**Problem requirements**
An exact copy of the listing below is the answer, with the pictures removed.

**Provided data**
=== Begin Enclosure ===

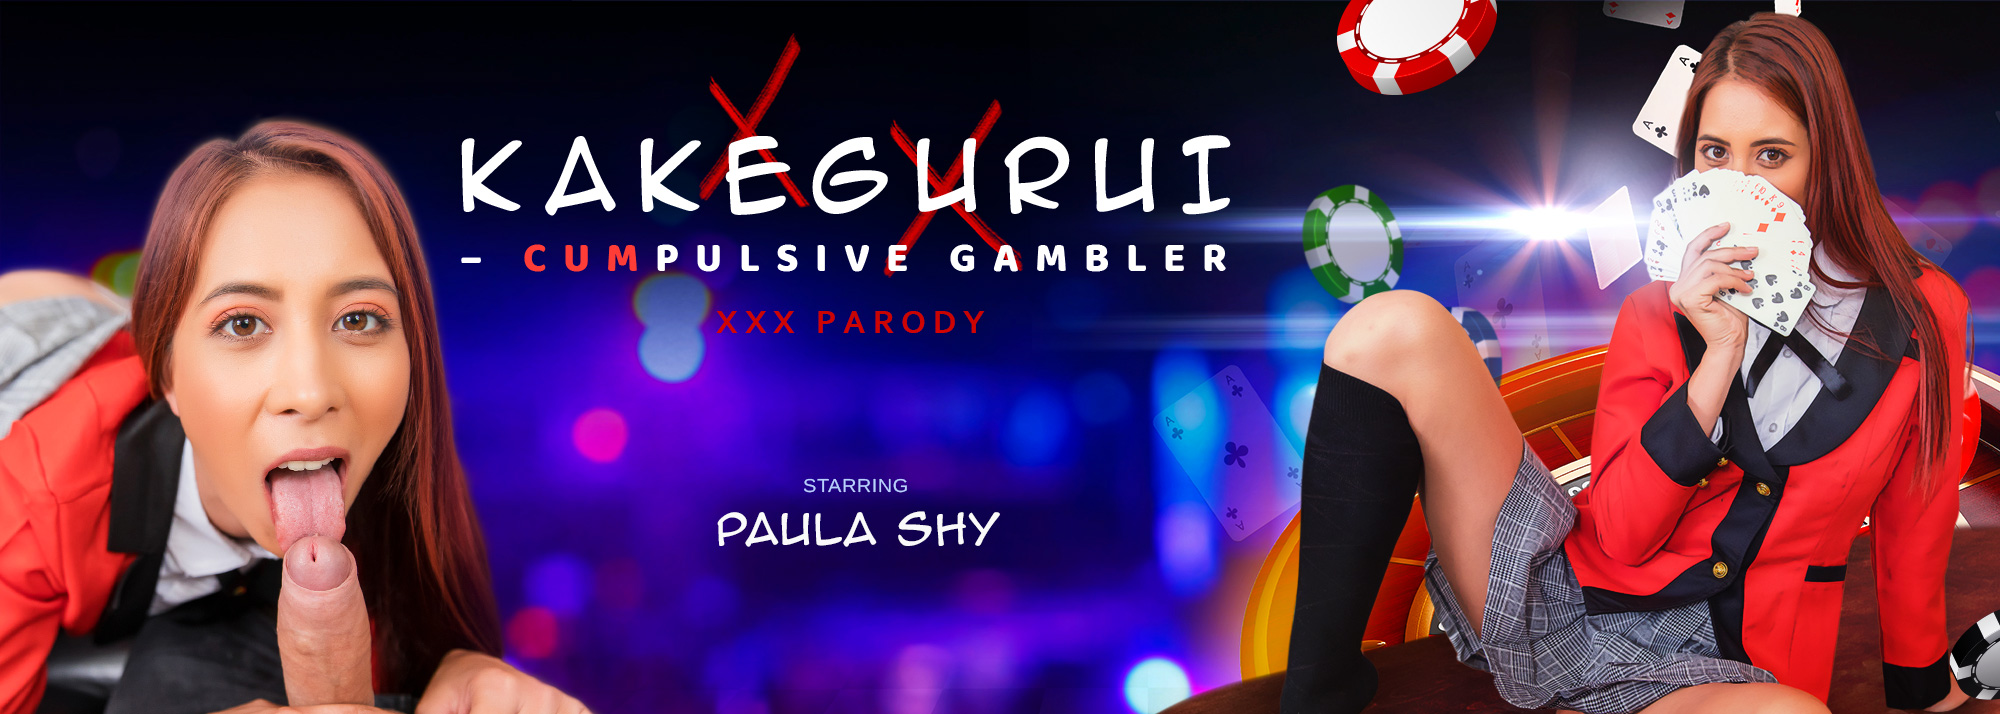 Kakegurui - CUMpulsive Gambler with Paula Shy  Slideshow
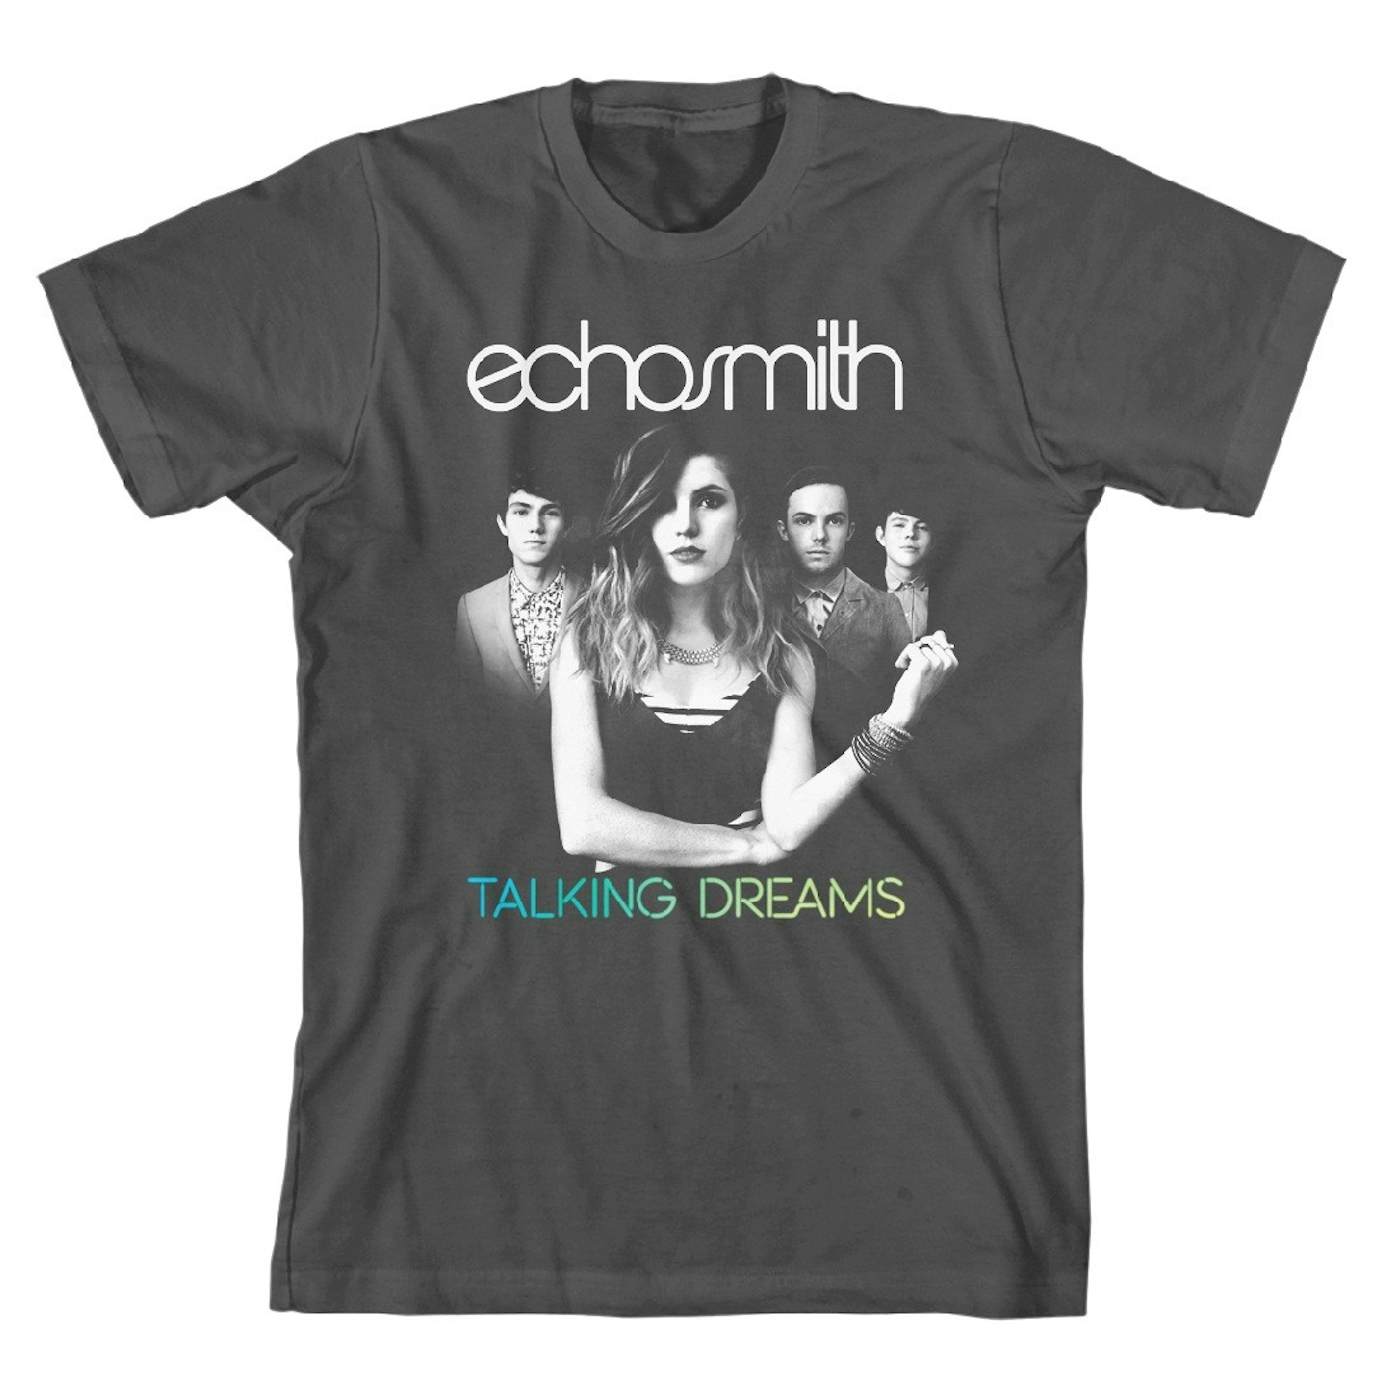 Echosmith Talking Dreams Photo Tee
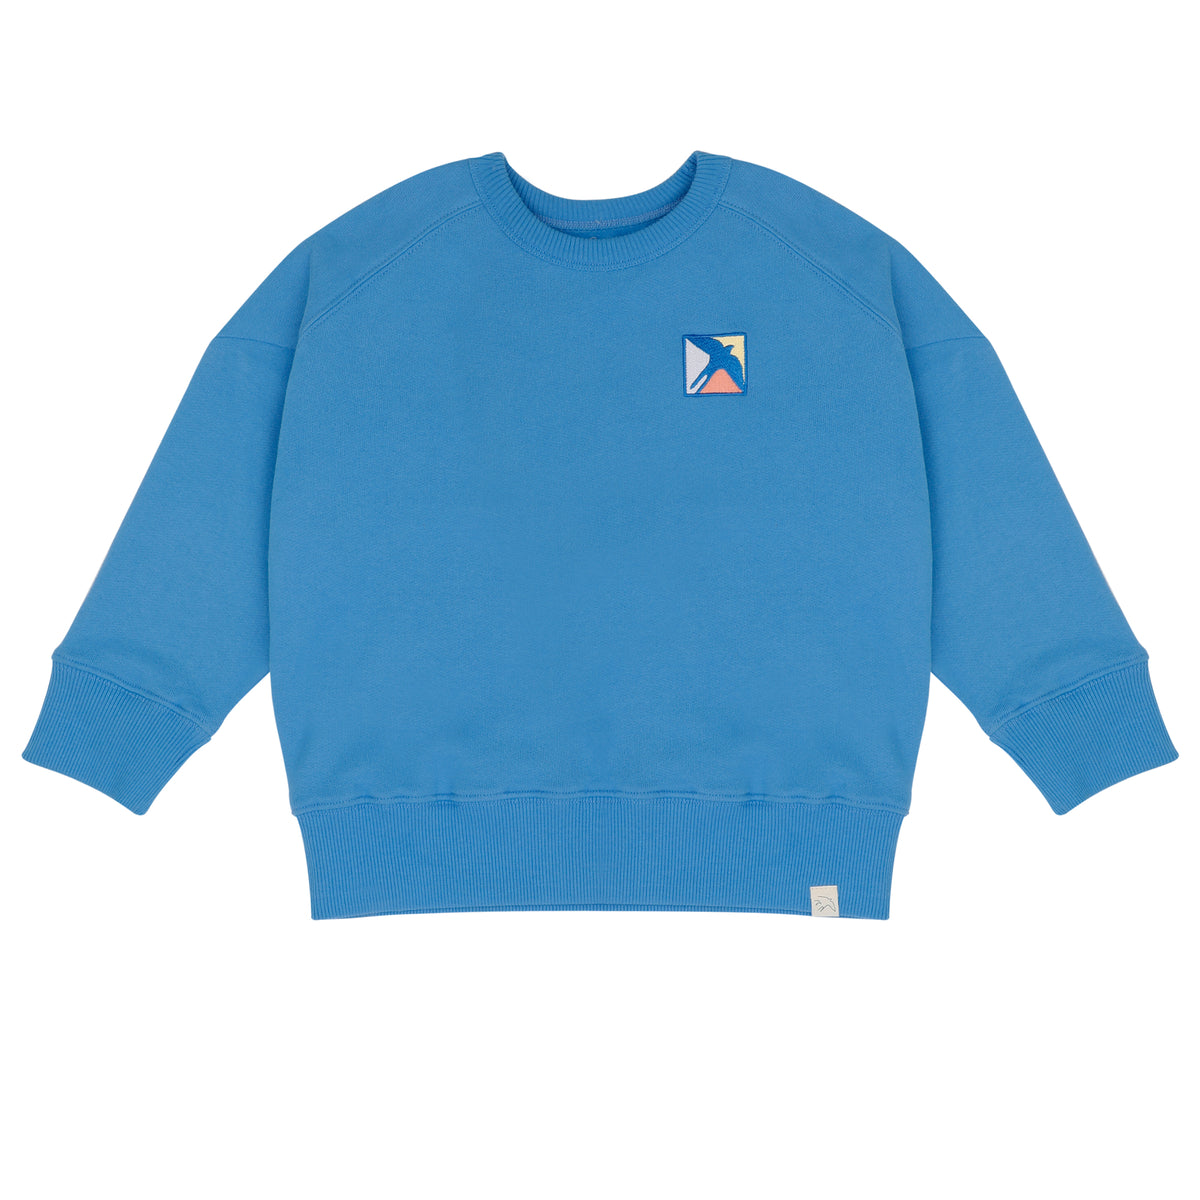 Sammy badge sweater bright blue, Jenest

=== End Enclosure ===

**Output**
 Kakegurui - CUMpulsive Gambler with Paula Shy  Slideshow
 Echosmith Talking Dreams Photo Tee
 Sammy badge sweater bright blue, Jenest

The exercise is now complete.